- [EXERCISE BRIEF]: Exactly the lines from the one containing "Ankita Mahanta WDT20" through the end of the listing must make up the answer, with no pictures included.

- [DATA PROVIDED]:
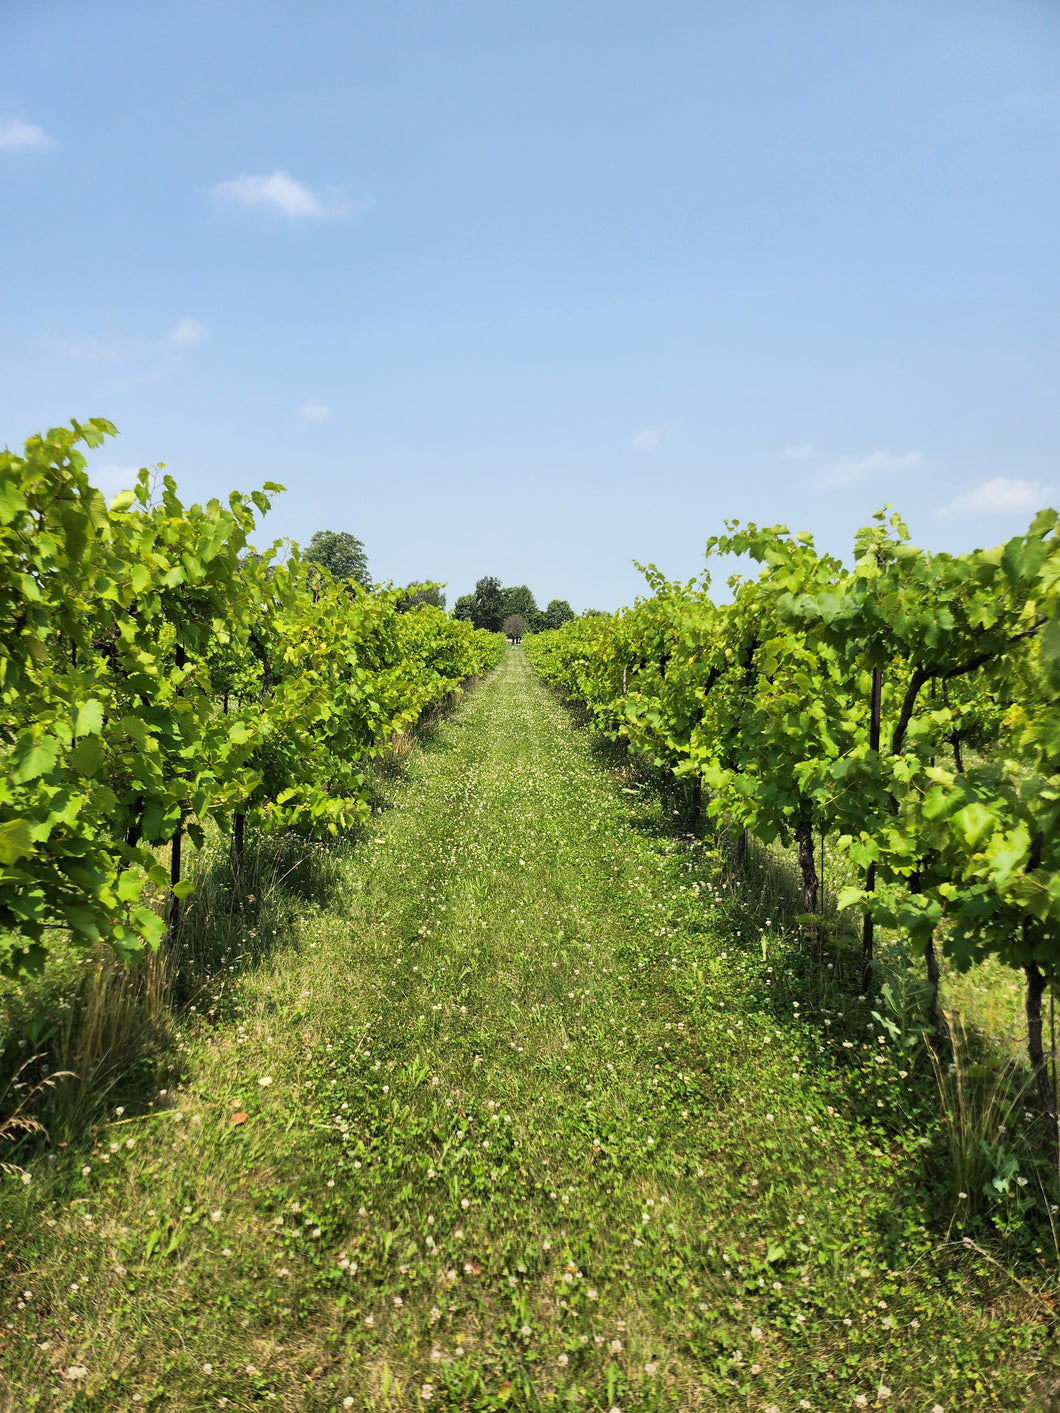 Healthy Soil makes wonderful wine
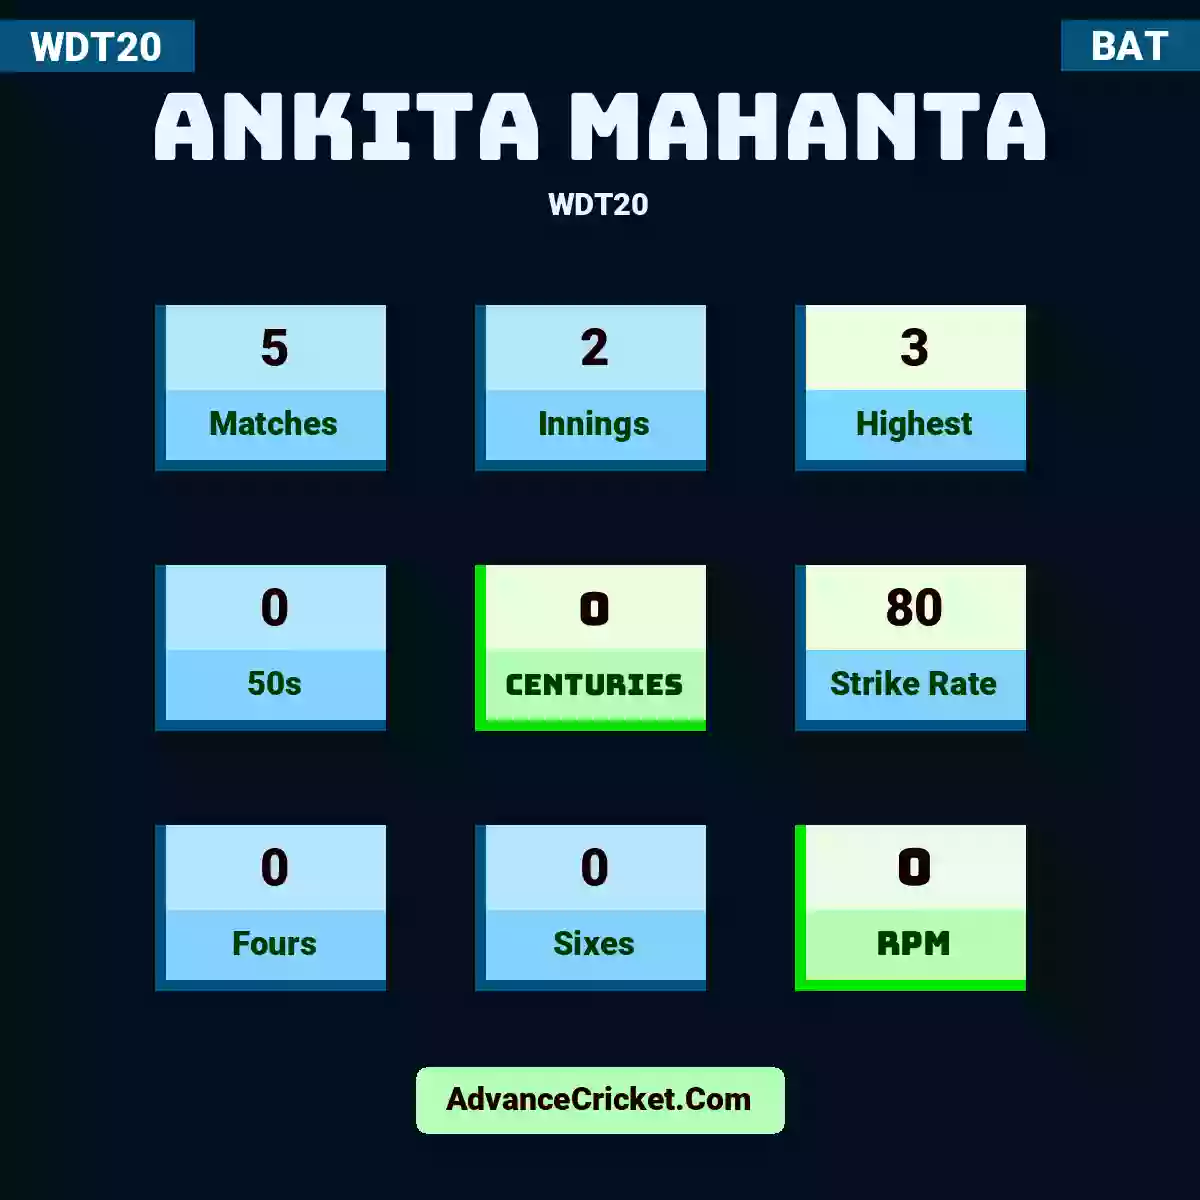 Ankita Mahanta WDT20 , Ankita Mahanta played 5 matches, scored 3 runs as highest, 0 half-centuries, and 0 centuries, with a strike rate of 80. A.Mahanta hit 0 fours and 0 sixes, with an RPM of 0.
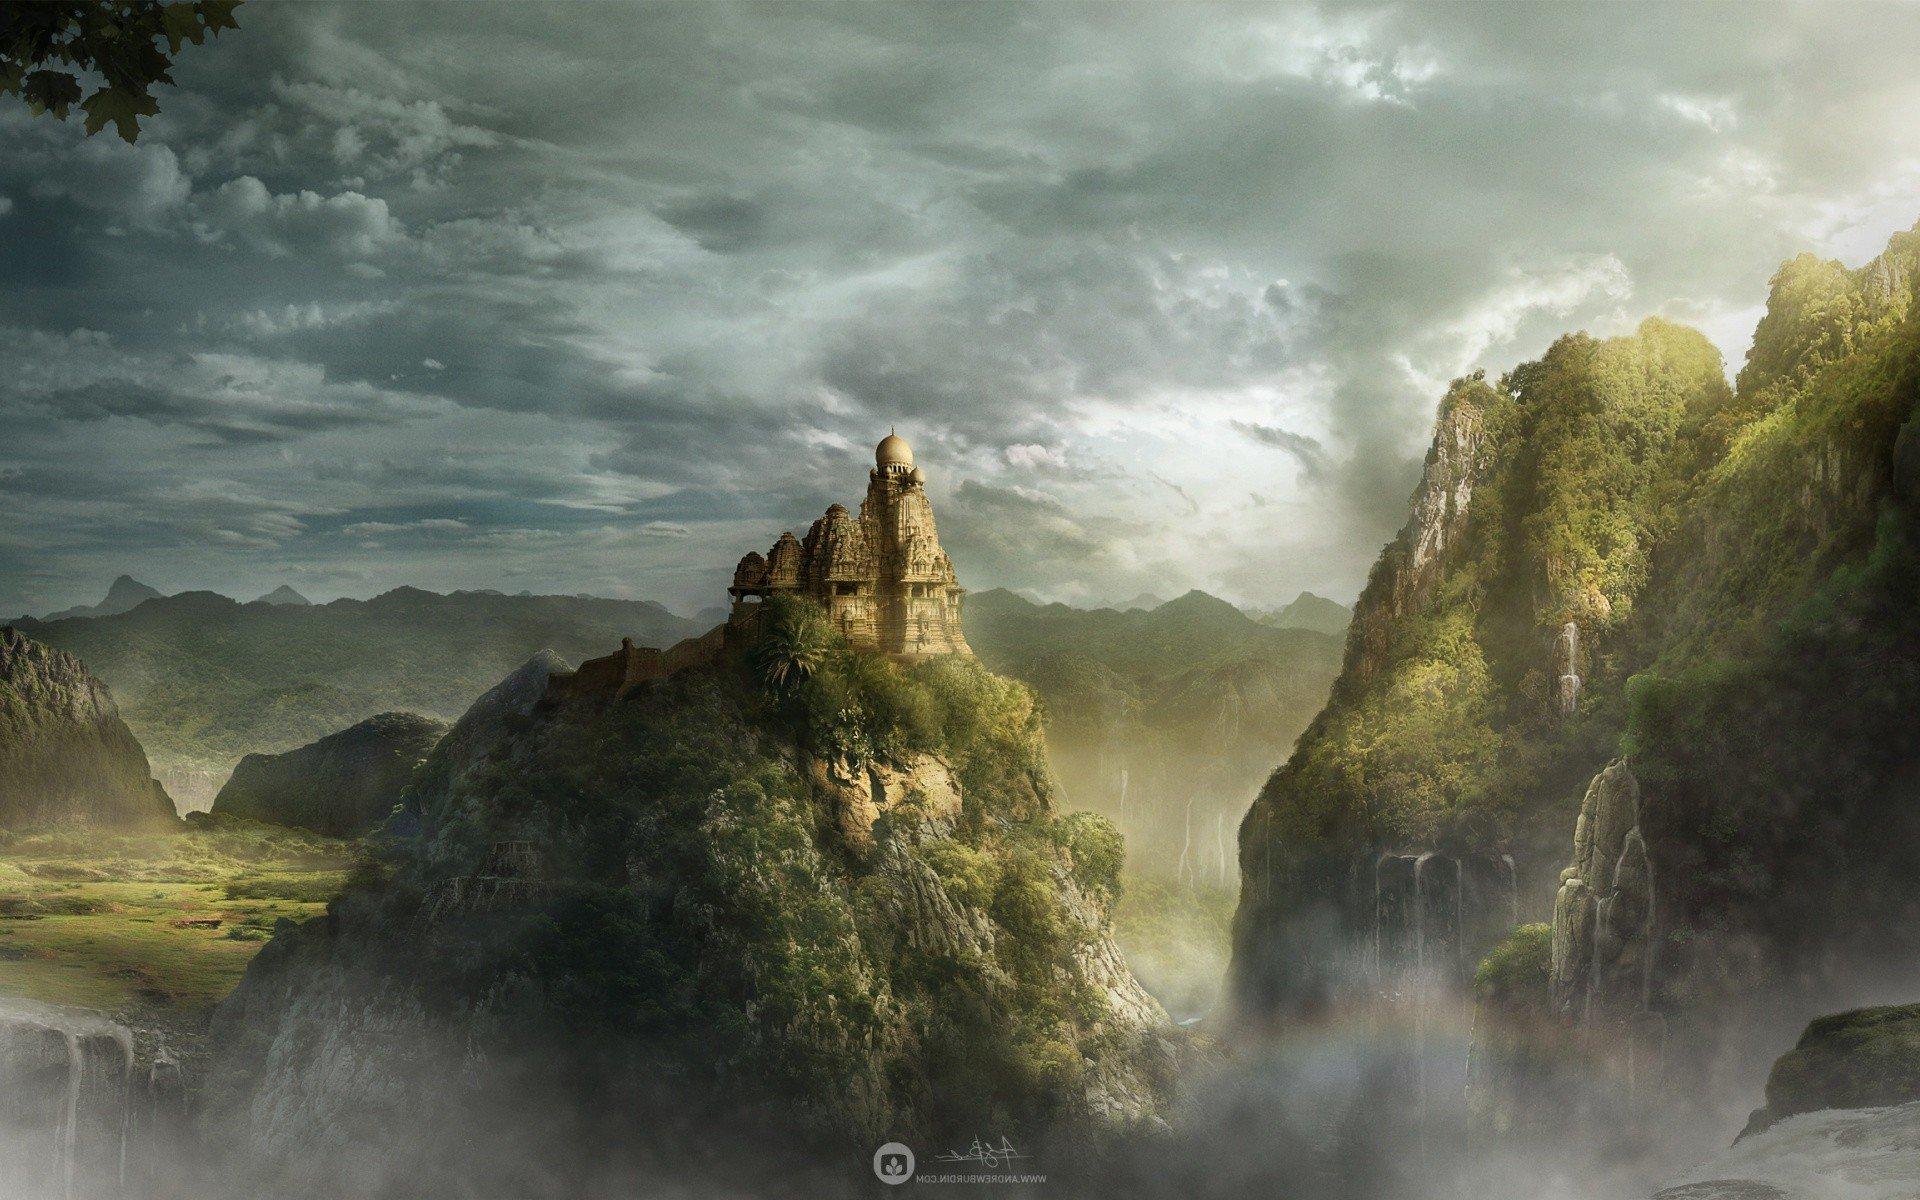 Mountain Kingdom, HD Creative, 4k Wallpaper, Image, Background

- [WRITTEN ANSWER]:
 Ankita Mahanta WDT20 , Ankita Mahanta played 5 matches, scored 3 runs as highest, 0 half-centuries, and 0 centuries, with a strike rate of 80. A.Mahanta hit 0 fours and 0 sixes, with an RPM of 0.
 Mountain Kingdom, HD Creative, 4k Wallpaper, Image, Background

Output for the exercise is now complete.